Because these expenses are costs of the Index, and as such are reflected in the
performance of the Index SPC, they are not included in the break-even estimate
set forth above.

FEDERAL INCOME TAX ASPECTS

     The Fund will be treated as a partnership for federal income tax purposes.
You will be taxed each year on the Fund's income whether or not you redeem any
of your Units or receive distributions from the Fund. The general partner does
not intend to make any distributions. Accordingly, unless you redeem Units, you
will not have a source of income from the Fund to pay your taxes.
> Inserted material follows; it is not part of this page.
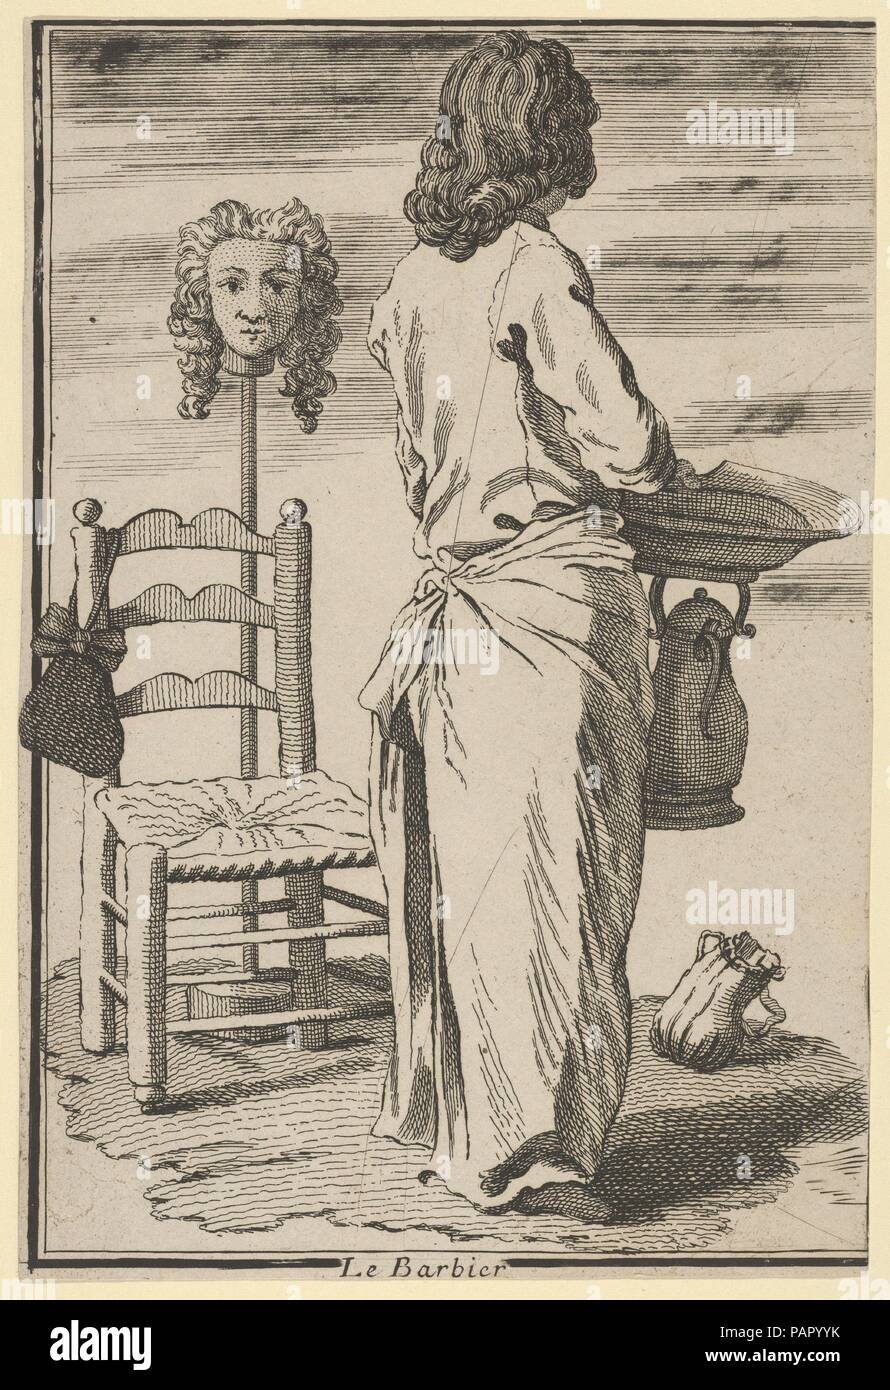 The Barber. Artist: Anonymous, French, 18th century; After Edme Bouchardon (French, Chaumont 1698-1762 Paris). Dimensions: Sheet: 9 1/4 × 6 1/4 in. (23.5 × 15.9 cm). Date: after 1742. Museum: Metropolitan Museum of Art, New York, USA. Stock Photo

     40% of any trading profits on U.S. exchange-traded contracts are taxed as
short-term capital gains at ordinary income rates, while 60% of any trading
profits are taxed as long-term capital gains at a 15% maximum rate for
individuals for sales and exchanges occurring after May 5, 2003 and prior to
January 1, 2009 (and 20% for sales or exchanges occurring thereafter). The
Fund's trading gains from other contracts will be primarily short-term capital
gains. This tax treatment applies regardless of how long a limited partner holds
Units. Interest income is taxed at ordinary income rates.

     Losses on the Units may be deducted against capital gains. However, capital
losses in excess of capital gains may only be deducted against ordinary income
to the extent of $3,000 per year. Consequently, you could pay tax on the Fund's
interest income even though you have lost money on your Units.

THE FUTURES AND FORWARD MARKETS; SPOT AND SWAP CONTRACTS

     Futures contracts are generally traded on exchanges and call for the future
delivery of various commodities or cash settlement of certain financial
instruments.

     Forward currency contracts are traded off-exchange through banks or
dealers.

     Futures and forward trading is a "zero-sum" risk transfer economic
activity. For every gain realized by a futures and forward trader, there is an
equal and offsetting loss suffered by another.

                                        6
<Page>

     Spot contracts are cash market transactions in which the buyer and seller
agree to the immediate purchase and sale of a specific commodity, usually with a
short settlement period. Swap contracts generally involve an exchange of a
stream of payments between contracting parties. Neither spot nor swap contracts
are exchange-traded.

THE RISKS YOU FACE

SET FORTH BELOW ARE THE PRINCIPAL RISKS ASSOCIATED WITH AN INVESTMENT IN THE
FUND. YOU SHOULD CONSIDER THESE RISKS WHEN MAKING YOUR INVESTMENT DECISION. YOU
SHOULD NOT INVEST IN UNITS UNLESS YOU CAN AFFORD TO LOSE ALL OF YOUR INVESTMENT.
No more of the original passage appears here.